BRIEF: Beginning at the line that includes "Maria og håret-191.jpg", print each remaining line of the data word for word. Output nothing else.

DATASET:
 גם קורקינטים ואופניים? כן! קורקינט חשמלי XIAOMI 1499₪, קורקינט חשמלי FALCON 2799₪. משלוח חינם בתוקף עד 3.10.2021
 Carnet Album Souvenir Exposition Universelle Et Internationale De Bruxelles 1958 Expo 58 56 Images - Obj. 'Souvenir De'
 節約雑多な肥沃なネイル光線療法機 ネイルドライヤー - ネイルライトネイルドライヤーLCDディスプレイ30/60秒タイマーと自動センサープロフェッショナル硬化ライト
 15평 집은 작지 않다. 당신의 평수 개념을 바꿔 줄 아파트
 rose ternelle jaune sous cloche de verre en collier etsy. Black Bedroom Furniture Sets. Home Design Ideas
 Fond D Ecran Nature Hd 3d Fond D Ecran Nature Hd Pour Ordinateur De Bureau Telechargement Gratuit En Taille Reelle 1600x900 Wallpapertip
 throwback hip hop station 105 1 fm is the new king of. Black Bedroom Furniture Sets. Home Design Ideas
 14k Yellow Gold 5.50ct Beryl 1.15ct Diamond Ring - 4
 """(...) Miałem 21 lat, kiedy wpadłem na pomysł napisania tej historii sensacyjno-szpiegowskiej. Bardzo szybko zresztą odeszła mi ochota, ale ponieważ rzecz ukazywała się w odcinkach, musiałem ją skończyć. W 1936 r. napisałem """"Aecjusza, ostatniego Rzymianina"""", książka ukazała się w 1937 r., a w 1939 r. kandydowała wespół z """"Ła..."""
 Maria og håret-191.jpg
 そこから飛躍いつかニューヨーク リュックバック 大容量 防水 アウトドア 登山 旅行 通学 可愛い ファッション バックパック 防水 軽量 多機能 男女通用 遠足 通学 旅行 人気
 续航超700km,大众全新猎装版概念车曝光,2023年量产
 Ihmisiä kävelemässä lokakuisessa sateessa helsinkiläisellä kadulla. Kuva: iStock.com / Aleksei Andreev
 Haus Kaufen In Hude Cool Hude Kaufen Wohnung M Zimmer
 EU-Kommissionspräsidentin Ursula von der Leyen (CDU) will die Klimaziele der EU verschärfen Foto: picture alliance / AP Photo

TASK OUTPUT:
 Maria og håret-191.jpg
 そこから飛躍いつかニューヨーク リュックバック 大容量 防水 アウトドア 登山 旅行 通学 可愛い ファッション バックパック 防水 軽量 多機能 男女通用 遠足 通学 旅行 人気
 续航超700km,大众全新猎装版概念车曝光,2023年量产
 Ihmisiä kävelemässä lokakuisessa sateessa helsinkiläisellä kadulla. Kuva: iStock.com / Aleksei Andreev
 Haus Kaufen In Hude Cool Hude Kaufen Wohnung M Zimmer
 EU-Kommissionspräsidentin Ursula von der Leyen (CDU) will die Klimaziele der EU verschärfen Foto: picture alliance / AP Photo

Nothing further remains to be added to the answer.